PORT ANGELES — About 400 people in Clallam County use the county’s syringe exchange, which is intended to save lives and reduce the risk of spreading disease.
“We try to prevent overdoses because you can’t help anyone when they’re dead,” Clallam County Health Officer Chris Frank told more than 30 people at a recent Port Angeles Citizens Action Network forum on opioids and HIV.
Last year, the exchange handed out 234,270 needles.
At the exchange, clients can get tested for HIV and hepatitis C, which can both be spread through sharing needles.

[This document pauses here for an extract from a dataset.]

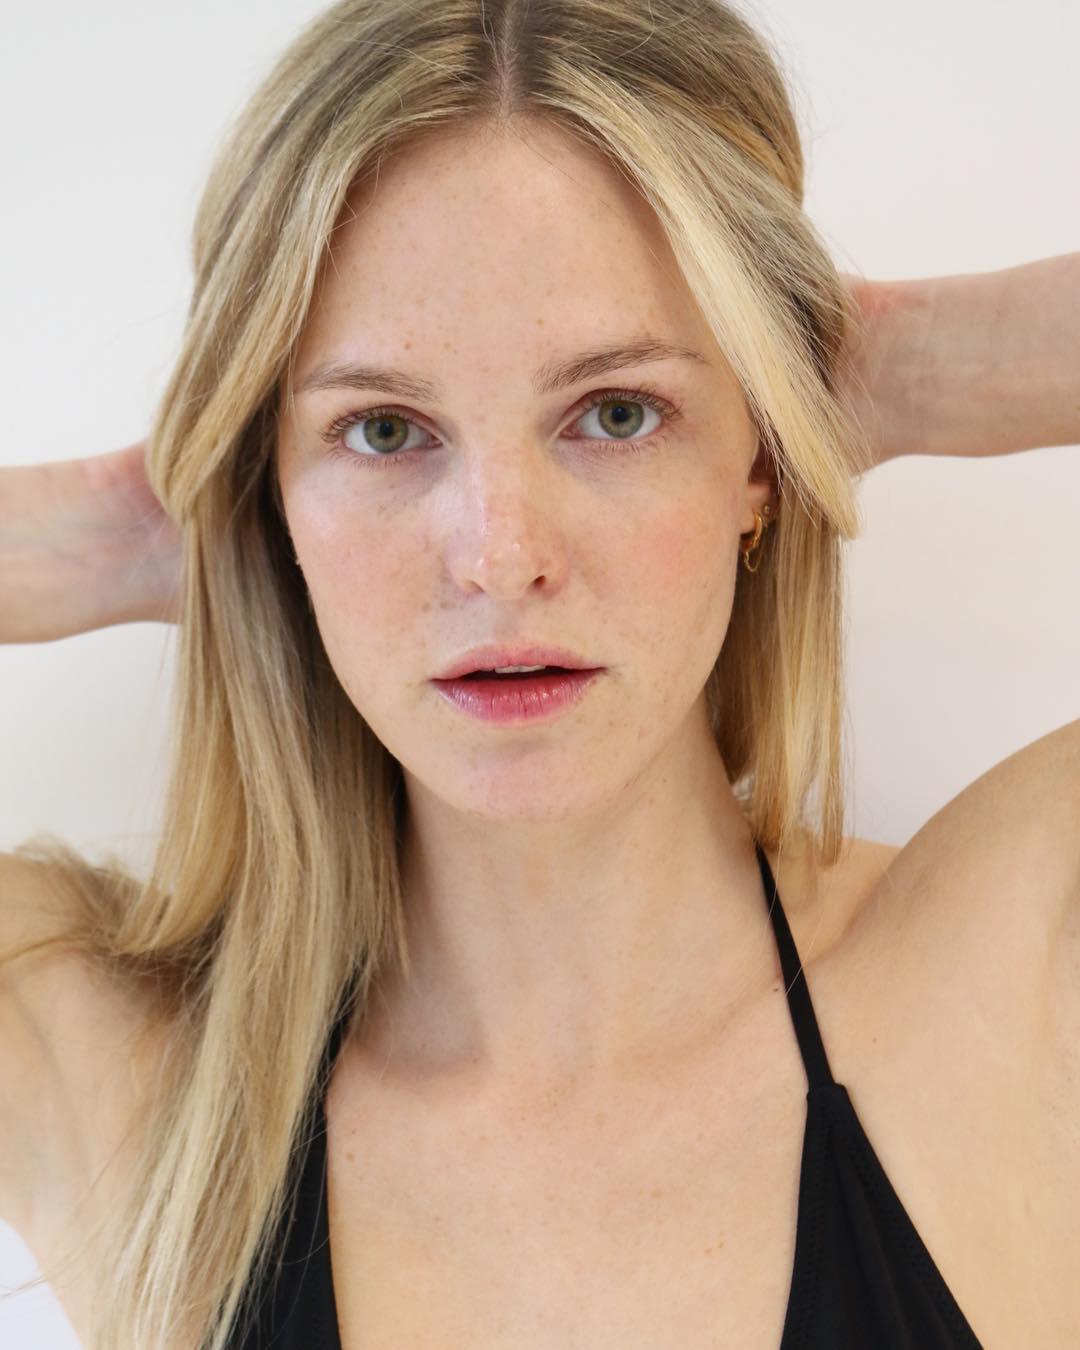 """Đừng """"ngó lơ"""" 6 tips chăm da sau của các người mẫu bởi rất có thể, bạn sẽ tìm thấy chìa khóa nâng cấp nhan sắc - Ảnh 4."""

The test for hepatitis C takes about 15 minutes and clients are encouraged to get tested annually.
By letting intravenous drug users know if they have a disease, it reduces the risk of it being spread to others in the community, he said.
“People are using with friends and family,” Frank said at the Thursday gathering. “Just because someone is using doesn’t mean they don’t care about the people around them.”
The majority of people who use the exchange are doing what Frank called “secondary exchanges,” meaning they collect the used needles from their group of drug users and exchange for the group.
In 2016, the county switched to exchanging needles on a one-to-one basis, causing the number of needles handed out to decrease from 284,395 in 2015 to 234,270 in 2016. In 2014, the county gave away 273,959 needles.
Jefferson County’s syringe exchange gave out 35,328 needles in 2015. Numbers for 2016 weren’t yet available.
Frank said if the exchanges didn’t provide clean needles, users would just share dirty needles and use anyway.
“You give people clean needles so you don’t have people passing around dirty needles,” he said.
The Clallam County exchange also provides naloxone for opioid users, a drug that rapidly counteracts the effects of opioid overdose.
Naloxone might be attributing to the county’s decline of reported overdoses, he said, though it’s too early to know for sure.
“Even people who are in really desperate states sometimes pull out of it,” he said. “We don’t want to give up on people just because they are in a tough situation.”
The county’s naloxone program started in July 2015, a few months before Clallam County became the first in the state to require overdose reporting.
The county reported 62 overdoses in 2016, six of which were fatal.
The stats show a steady decline in the number of overdoses throughout the year, with 20 overdoses in the first quarter of 2016, 17 in the second quarter, 14 in the third quarter and 11 in the fourth quarter.
Between 2011 and 2015, Clallam County had the second worst opioid overdose death rate in the state at a rate of 14.6 per 100,000, according to the state Department of Health.
The state’s average was 9.8 deaths per 100,000 people. Jefferson County fell below the average at 8 deaths per 100,000 people.